|Publication number||US4875341 A|
|Application number||US 07/278,683|
|Publication date||Oct 24, 1989|
|Filing date||Dec 1, 1988|
|Priority date||Nov 25, 1987|
|Publication number||07278683, 278683, US 4875341 A, US 4875341A, US-A-4875341, US4875341 A, US4875341A|
|Inventors||Michael J. Brandemuehl, John R. Reason|
|Original Assignee||Carrier Corporation|
|Export Citation||BiBTeX, EndNote, RefMan|
|Patent Citations (3), Referenced by (23), Classifications (9), Legal Events (4)|
|External Links: USPTO, USPTO Assignment, Espacenet|
This application is a division, of application Ser. No. 125,213, filed Nov. 25, 1987, now U.S. Pat. No. 4,789,025.
This invention relates to controlling a refrigeration unit used to chill the interior of a mobile cargo container and, in particular, a method for holding the supply air temperature delivered to a cargo container within extremely close limits.

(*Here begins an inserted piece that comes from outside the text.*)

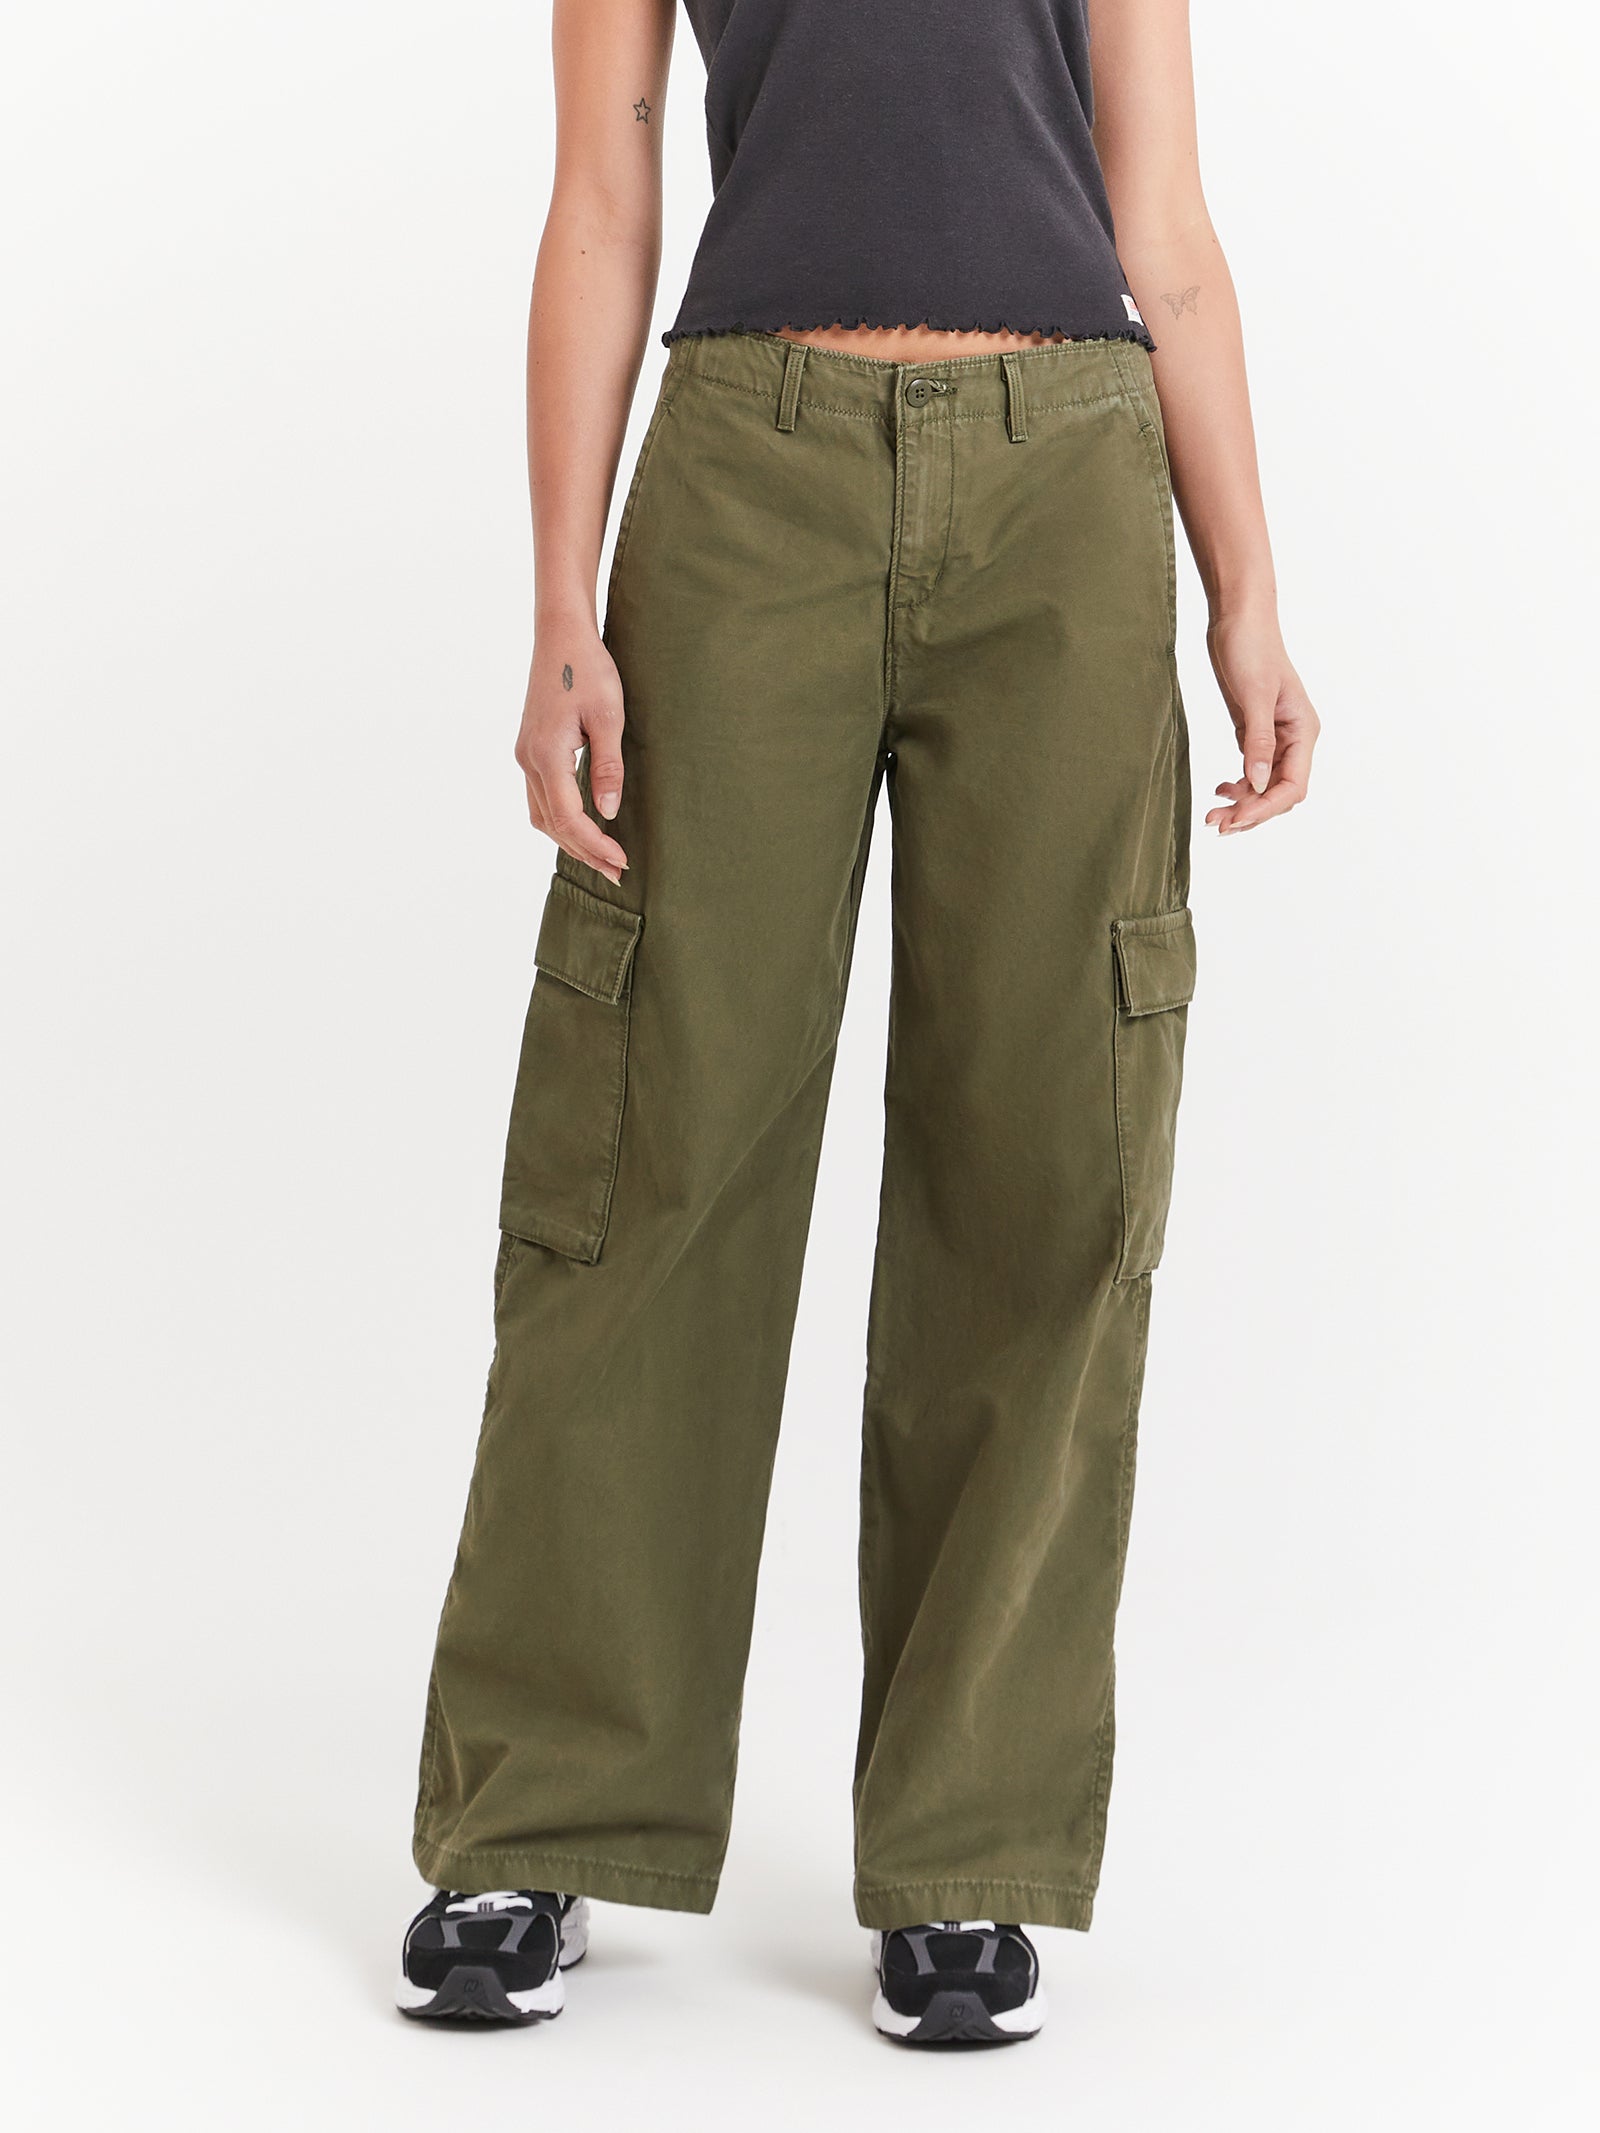 Baggy Cargo Pants in Olive Night Green - Glue Store

Many control systems found on later model air conditioning units used to cool the interior of refrigerated cargo containers include a processor that is programmed to adjust a control valve mounted in the compressor suction line of the air conditioning unit. The valve is adjustable between a fully open and fully closed position. The processor receives supply air temperature information and adjusts the valve setting based upon a preprogrammed schedule in response to the deviation of the sensed supply air temperature from a predetermined set point temperature.
The program used to control the position of the suction valve typically has three terms that are summed to arrive at a desired valve setting. The terms are all based upon the amount of deviation between the sensed supply air temperature and the desired set point temperature. The program not only looks at present conditions, but also at the history leading up to the present condition. The first term in the formulation is a proportional term relating to the present deviation (P), the second term involves an integral term based upon accumulated supply air temperature data (I), and the last term is a derivative term based on changes in supply air deviations (D). This formulation has come to be known in the industry as a PID control program because of the nature of the three terms involved.

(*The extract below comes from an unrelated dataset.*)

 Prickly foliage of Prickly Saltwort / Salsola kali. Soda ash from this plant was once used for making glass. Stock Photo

Each of the three terms in the PID control formulation is multiplied by a control constant. The constants are selected to maintain the supply air temperature as close as reasonably practical to the set point temperature when the refrigeration unit is operating under steady state conditions. When the supply air temperature deviates some small amount from the set point temperature, the processor adjusts the suction control valve setting to bring the temperature back towards the desired set point. However, when the deviation between the supply air temperature and the set point temperature is relatively large, as for example when a cargo container door is left open, or during start up, the time for the system to near the set point temperature may be relatively long and the cargo stored in the container may be endangered.

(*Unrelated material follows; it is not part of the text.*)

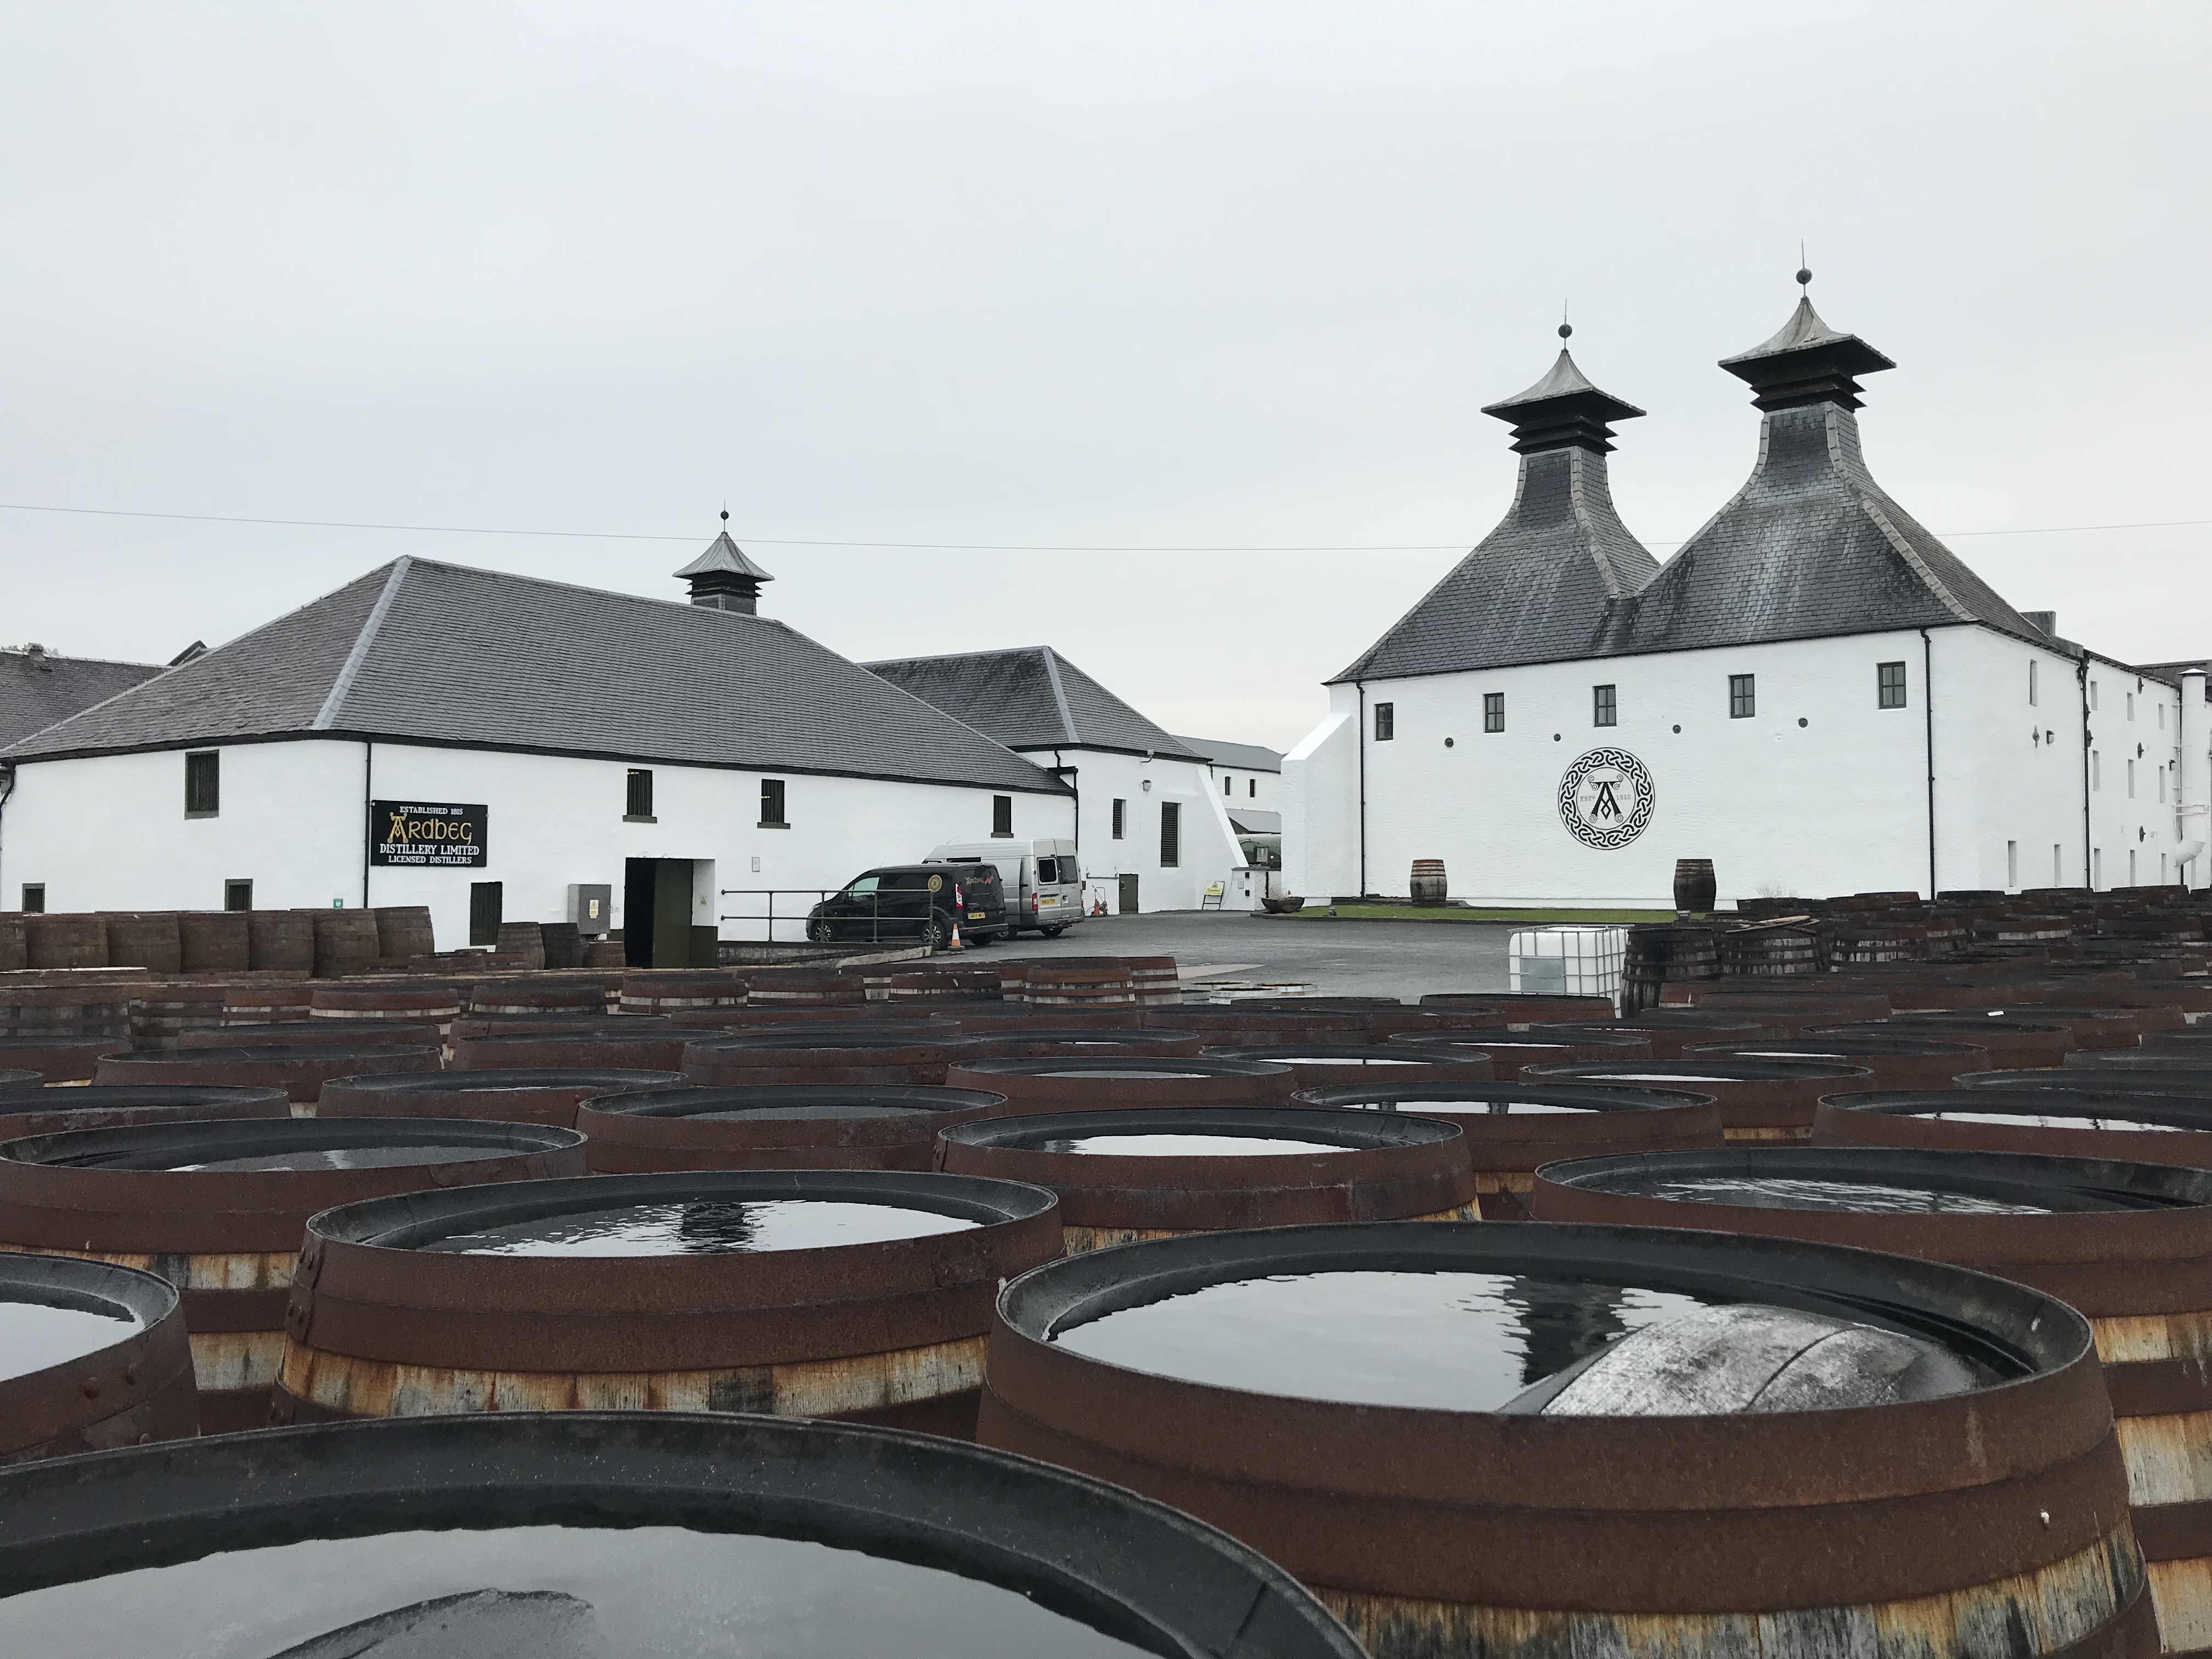 View of white distillery buildings with slate grey roofing. A large collection of barrels is present in the foreground.

By the same token, the PID program is unable to maintain continuous control over the system when the cooling load is small, as for example, when the ambient temperature is very low. When the unit is operating at or close to minimum capacity the suction valve is typically fully closed and no further control can be exercised over the system. By the time control is regained the supply air temperature can deviate from the set point temperature to a point where a temperature sensitive cargo may be endangered. By the time the system has a chance to recover, the cargo may be damaged.
The PID constants used in a typical program are selected to provide for a reasonable recovery time while still being able to maintain the supply air temperature close to a desired set point temperature. It is, however, highly desirous when transporting certain temperature sensitive produce to maintain the container temperature within extremely close tolerances, that is, within 0.25 degrees C. of the desired set point temperature. Present day PID control systems cannot deliver this type of close control.
It is therefore an object of the present invention to improve refrigerated cargo containers.
It is a further object of the present invention to provide an improved means for controlling the temperature of chilled air delivered to a refrigerated cargo container.
A still further object of the present invention is to maintain the supply air temperature delivered to a refrigerated cargo container within 0.25 degrees C of a desired set point.
Another object of the present invention is to exercise continuous control over an air conditioning unit used to provide supply air to a refrigerated cargo container.
Yet another object of the present invention is to provide a control system for a refrigerated cargo container that is capable of automatically holding the container close to a desired operating temperature and to recover rapidly in the event the container temperature deviates widely from the desired operating temperature.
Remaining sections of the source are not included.